Laboratory for Surface Modification (LSM)

Seminars Archives

September 2018 | October 2018 | November 2018

Thursday, October 04, 2018
Suspended Graphene Under Strain
Xu Du
Stony Brook University
Department of Physics and Astronomy
12:00 Noon CHEM 260

The flexibility and structural strength in 2D materials make them ideal systems for studying “straintronics”. In graphene, strain effectively induces a gauge field which affects the transport of Dirac electrons. Here I will discuss our work on transport study of graphene in nanoelectromechanical devices. Suspended graphene field effect transistors were fabricated on top of flexible substrates, allowing independent tuning of tensile strain while maintain ultra-high device quality. Through mechanical resonance measurements we show resonance frequency and non-linear dynamics may be used to accurately determine the strain in graphene. And in charge transport measurements we show that the energy dependence of the strain-induced resistivity agrees with the theoretical prediction on random strain-induced gauge field scattering of Dirac electrons. The impact of strain on coherence transport and quantum Hall effect will also be discussed.
Thursday, October 11, 2018
Electro-Fluidic Micro- and Nanotechnologies for Health and Environmental Monitoring
Mehdi Javanmard
Rutgers University
Electrical and Computer Engineering Department
12:00 Noon CHEM 260

In this talk, I will discuss my groups work on fabricating micro- and nanosensing platforms for biomolecular and biochemical detection. In the first part of my talk, I will discuss a digital microfluidic platform for detection of inflammatory proteins in blood and saliva. I will then discuss a novel scheme for barcoding microparticles nanoelectronically, for multiplexed detection of analytes. We have also developed a novel electrochemical sensor using reduced graphene oxide for detection of inflammatory markers in exhaled breath condenstate for management of chronic respiratory diseases. Finally, I will talk about my groups efforts in developing novel probes for characterization of biological organisms on-the-field, along with sensors for detection of toxic compounds in environmental samples
Thursday, October 18, 2018
Band-Offset “Bulk-Like” Mystery Solved: Lessons from Covalent and Ionic Heterojunctions
Ray Tung
CUNY
Physics Department
12:00 Noon CHEM 260

The insensitivity of semiconductor heterojunction band offset (BO) on the orientation and the atomic structure of the interface, combined with the observed “transitivity” of BOs among some semiconductors, led to the suggestion that the formation mechanism of BO is “bulk-like”, namely, the BO is decided by bulk properties of semiconductors. At the same time, BO’s at heterovalent interfaces are known to be tunable and non-transitive. Because the BO is a direct result of the equilibrium charge distribution at the heterojunction interface, and the formation of the latter is governed by energy minimization, the observed bulk-like behavior for some interfaces and tunability for others must both have explanations within the concept of energy minimization. In this talk, we briefly review results previously obtained from analysis of charge distribution at covalent zinc blende interfaces and describe recent DFT results from heterojunctions between lattice-matched perovskite oxides. The BO’s for perovskite oxides, which depend very significantly on the orientation and atomic structure of unrelaxed interfaces, i.e. tunable, converge sharply upon lattice relaxation, i.e. become bulk-like, to magnitudes that agree with predictions of neutral polyhedra theory (NPT), previously developed for zinc blende interfaces. The unexpected success of the NPT for both covalent and ionic heterojunctions unmasks a link between a main assumption of this theory and energy minimization in general. The seemingly bulk-like BO behavior thus appears to reflect an independence of junction electrostatics on atomic arrangement at a relaxed interface, following this simple rule on energy minimization. The tunability of BO under other circumstances identifies bonding geometries where this rule is relaxed. Because energy minimization governs the formation of all charge distributions, NPT is expected to be valuable for other types of interfaces.
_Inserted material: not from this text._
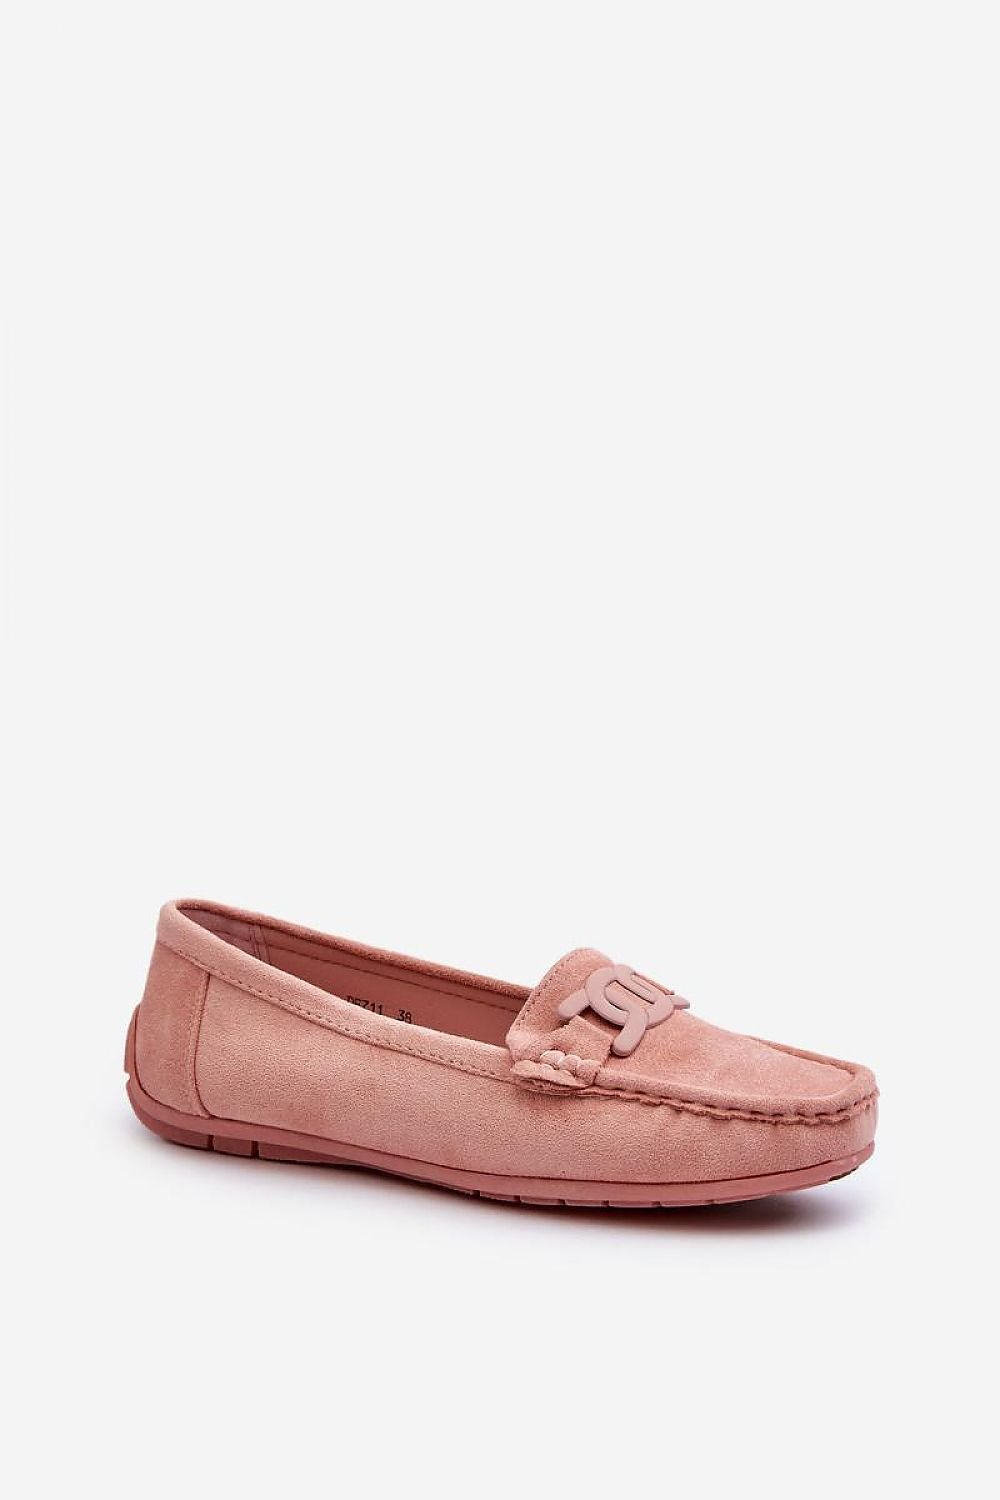 TEEK - Soft Link Top Mocassin Loafers SHOES TEEK MH pink 6.5

* Work done in collaboration with L. Kronik, Weizmann Institute of Science
Thursday, October 25, 2018
Multiferroicity in Hexagonal Rare Earth Ferrites
Xiaoshan Xu
University of Nebraska-Lincoln
Department of Physics
12:00 Noon CHEM 260

Multiferroic materials exhibit multiple ferroic orders simultaneously, which enables novel application in information storage and processing, as well as in sensor and actuators. Hexagonal rare earth ferrites stand out in multiferroic materials due to the coexisting spontaneous magnetic and electric dipole moment, meaning they are both ferromagnetic and ferroelectric. Importantly, both the magnetic and ferroelectric order hinges on the structural distortions in the layered structure. The ferroelectricity is induced by the structural distortion below about 1000 K with sizable electric polarization. Below about 100 K, the antiferromagnetic order, which is topologically forbidden in undistorted structure, develops in a non-collinear fashion, together with the ferromagnetism originated from the canted moments. In this talk, I will discuss our recent work on the coupling between the crystal structure and the multiferroicity in hexagonal rare earth ferrites, and the structural tuning of the multiferroic properties.